Studying accounting is a family tradition. Her daughter, Kelly, is a Whitman School of Management junior majoring in accounting. Kelly’s older brothers also attended Syracuse University; Kevin Preli ’96 earned a bachelor of science in accounting and John Preli ’85 majored in chemical engineering at the College of Engineering and Computer Science.

Two crucial lessons she took from her SU experience were “don’t be afraid to ask” and “take advantage of opportunity.”

While Cody was not a member of Beta Alpha Psi, the international honor organization for financial information students and professionals, every time it sponsored an event, she asked if she could attend. “I was never turned down, and I got to take advantage of the activities and meet the on-campus recruiters. I ended up landing a job with PwC, which was a wonderful start to my career.”

One opportunity she would have regretted had she not said yes was the invitation to play in Tiger Woods’ foursome at the 2018 Farmers Insurance Open Pro-Am.

“My inside voice was saying, ‘no, I’m not good enough, what will I say to him,’ and my outside voice said, ‘yes,’” Cody said. “I was a nervous wreck, took lessons from a pro for the next four weeks and played the best round of my life with my son, David, caddying for me.”

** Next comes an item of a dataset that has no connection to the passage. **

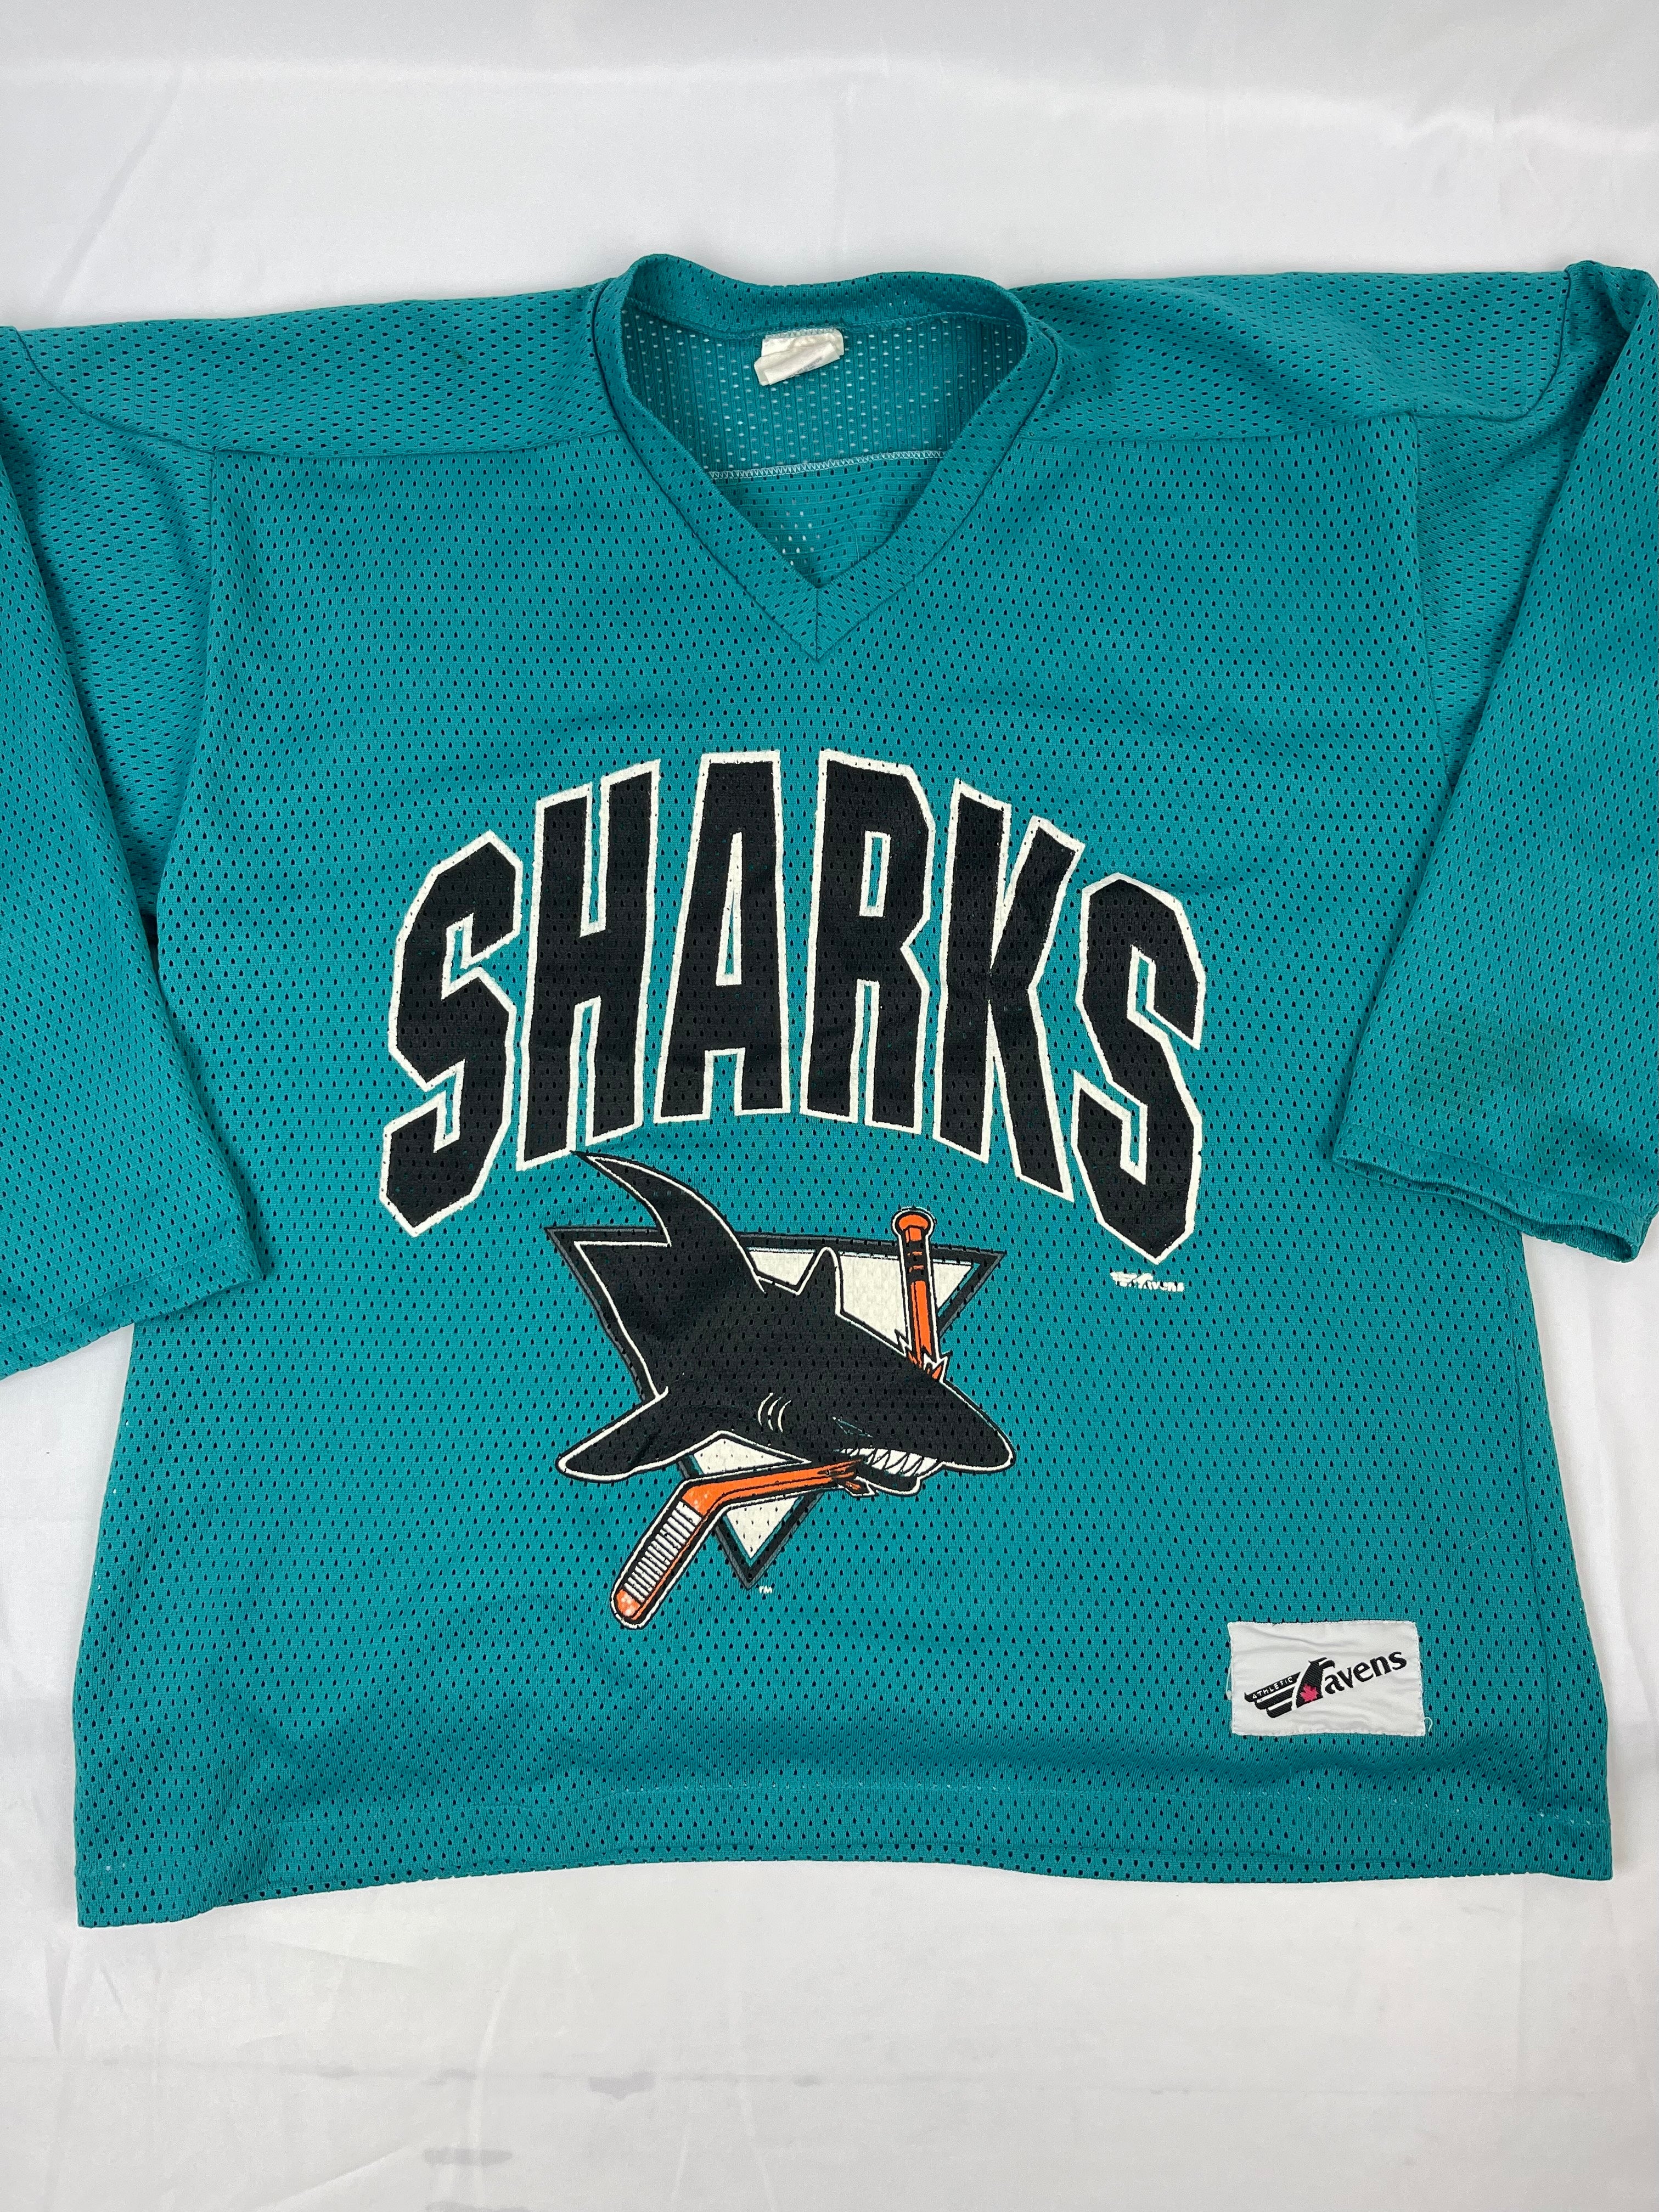 San Jose Sharks Jerseys  New, Preowned, and Vintage

She and Woods spoke about taxes and education. Woods had helped his daughter with homework at 5:45 a.m. that day.

“Homework was about interest and taxes,” Cody said. “We had a chuckle about that. I said, ‘Tiger, do you know how I taught David about taxes? He won $20 in singles and every third dollar I put in the kitty for Uncle Sam.’ We had a good laugh about that.

“He was very interested in talking to my son about his career and the importance of a good education. Tiger’s parents always said, education first, golf second,” she added.

Woods’s best golf tip? “Reading the greens. He helped me sink a 20-foot putt on the second hole,” Cody said.

The day taught Cody another lesson about opportunity: “It was an opportunity of a lifetime that I almost said no to out of fear. I have learned that when I get that fear, butterflies, out-of-my-comfort-zone feeling, I should say yes to the opportunity.”